Но в итоге дело кончилось тем, что возглавляемое Иофаном управление строительства Дворца Советов при Совете министров СССР было преобразовано в трест по строительству высотных сооружений, и пришлось Борису Михайловичу подключиться к возведению сталинских высоток, а громадный бетонный фундамент так и остался зиять в центре столицы, круглой лужей дождевой воды отражая бегущие над ним облака.
Как знать, не эта ли печальная картина навела кого-то на мысль превратить злосчастное сооружение в бассейн, но так и было сделано в 1960 году. В летнюю жару традиционно закрывавшийся на ремонт, а в холодное время года покрытый сизым облаком тумана, бассейн «Москва» являл собой довольно странную картину, видеть которую из своих окон Борис Иофан был обречён, пока в 1976 году смерть не избавила его от этого зрелища.

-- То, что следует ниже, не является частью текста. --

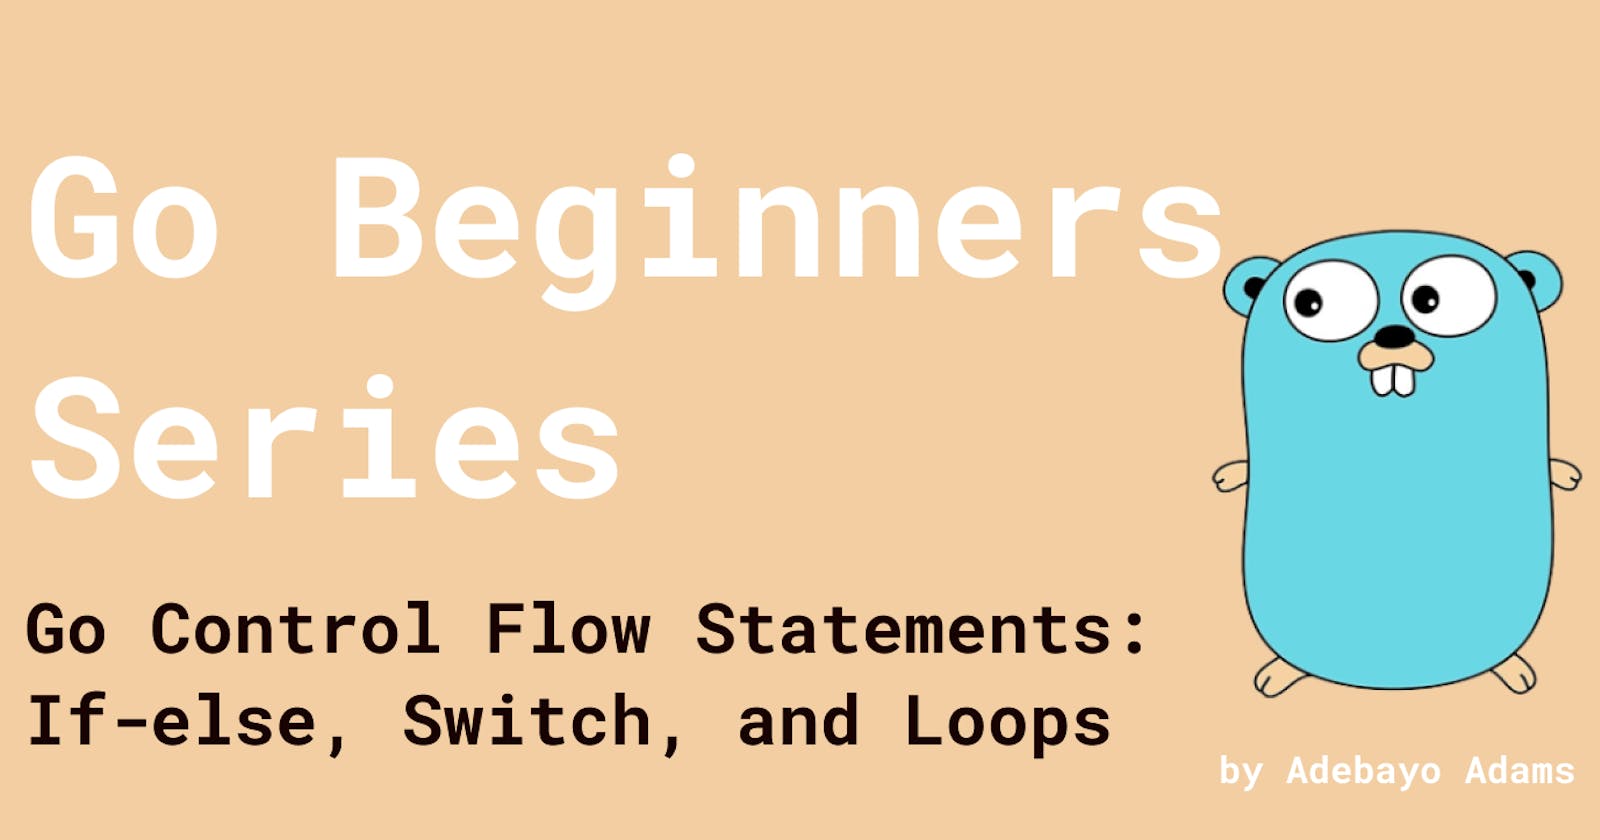 Go Beginners Series: Control Flow Statements: If-else, Switch, and Loops

Плавательный бассейн «Москва». Фото из фонда ЦИГИ, конец 1960-х гг.
Дворец съездов для единогласно одобряемых решений построили на территории Кремля, станцию метро «Дворец Советов» переименовали в «Кропоткинскую», и можно было бы сказать, что история строительства циклопического сооружения высотой до облаков окончилась ничем, но это не так.
Архитектурный стиль Дворца Советов в итоге перевоплотился в то, что принято сейчас называть «сталинский ампир». Множество инженерных решений, найденных для проекта, пригодились позже — от принципов подсветки высотных зданий до приёмов монтажа, использованных при возведении Останкинской башни. Созданный для строительства Дворца Советов камнеобрабатывающий комбинат одел в гранит мосты и набережные Москвы, а мрамором облицевал станции метро и стены восстановленного в 1990-х годах храма Христа Спасителя.
Собственно, храм и стоит всё на том же оставшемся от Дворца Советов фундаменте.